ASBOs, bans on smoking and drinking in public places, the fight against obesity and regulation of school meals, parenting orders and the vetting of adults working with children and vulnerable people are only a few examples of the seemingly unstoppable rise of legislation and regulation designed to control people’s behaviour in areas of civic and personal life that were previously free from state interference. In 2005 then Prime Minister Tony Blair acknowledged that only a few years before the British people would not have found these changes ‘acceptable.’ For example, interference in the family through parenting orders ‘would have either seemed somewhat bizarre or dangerous, and indeed there are still people who see this [as] an aspect of the nanny state, or [that] we are interfering with the rights of the individual’.

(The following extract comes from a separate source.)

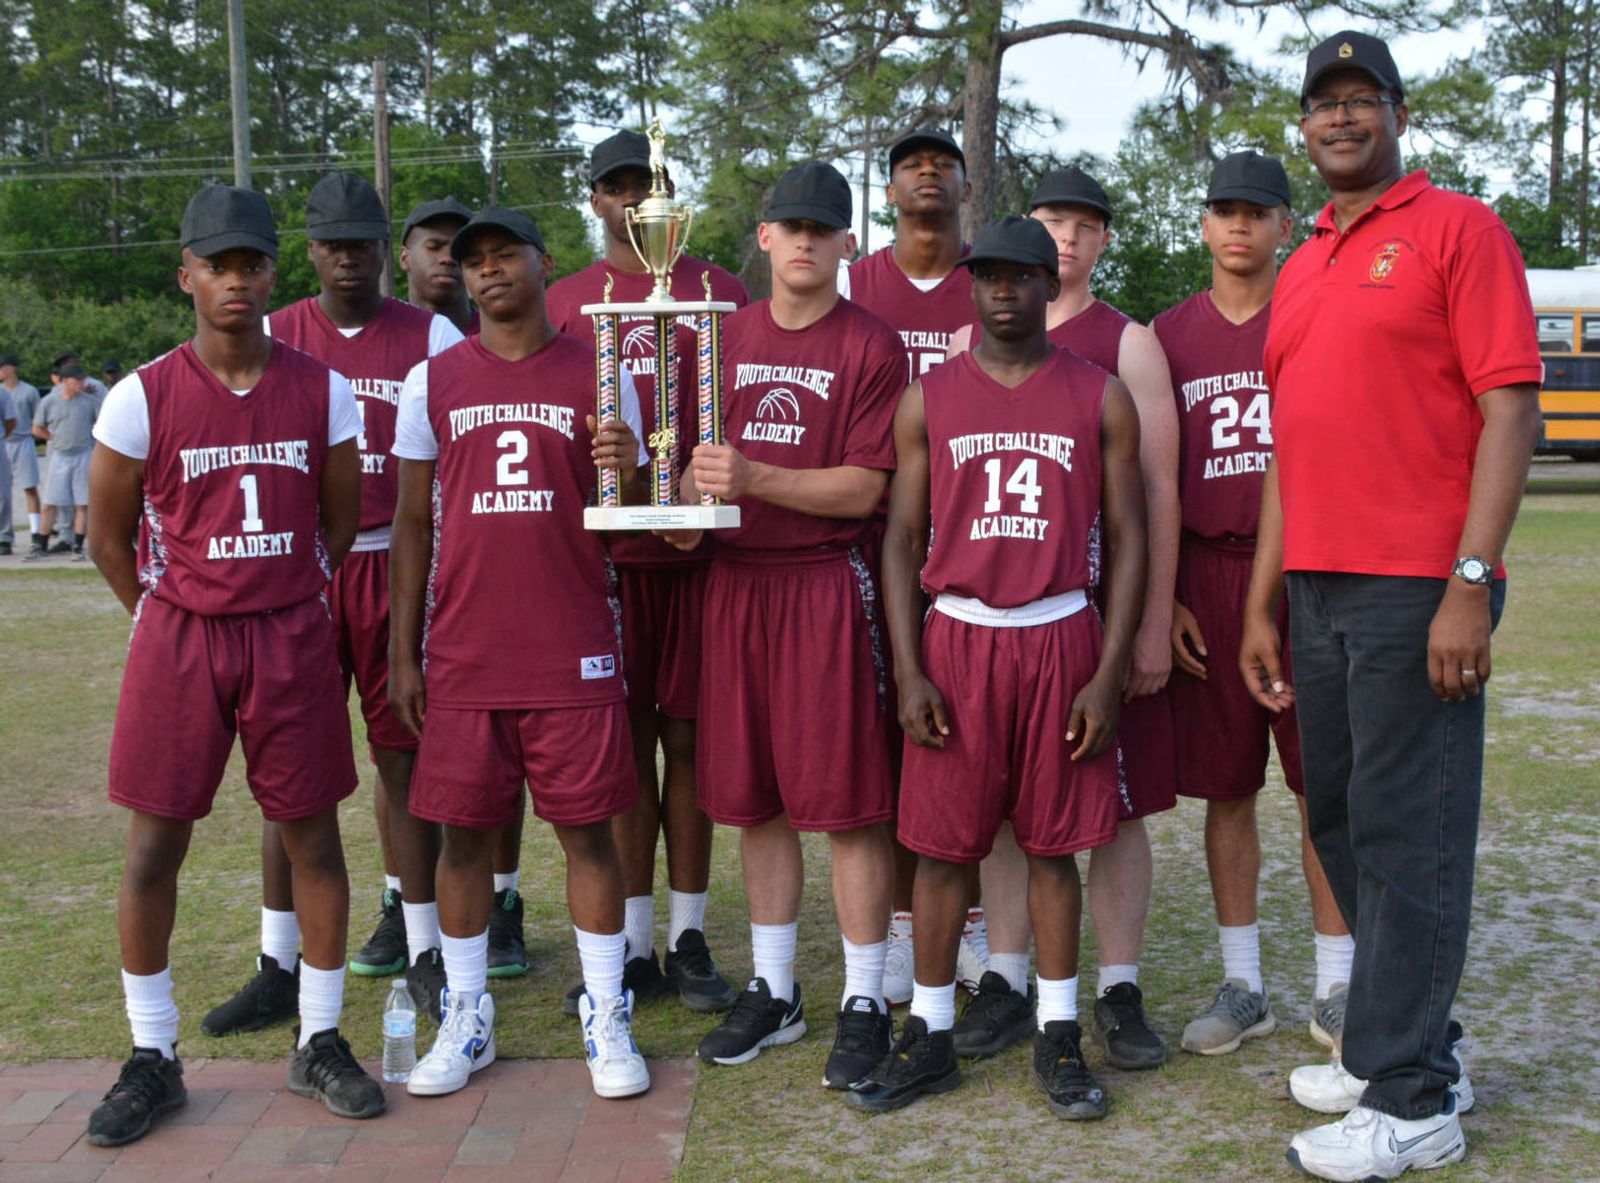 A cadet team with a trophy

Yet the erosion of such ‘individual rights’ has proceeded unhampered and at increasing pace. For the most part, these developments are neither presented nor experienced as infringements on liberty, but rather as commonsense measures to improve the health, security and well-being of all. Is it really worth standing up for the right to smoke or drink wherever we please, to behave without consideration for others, and to expose children to unnecessary risks? Should we welcome state guidance and regulation designed to help us leading healthy and happy lives? Or do we lose something when individuals must defer to a benevolent state?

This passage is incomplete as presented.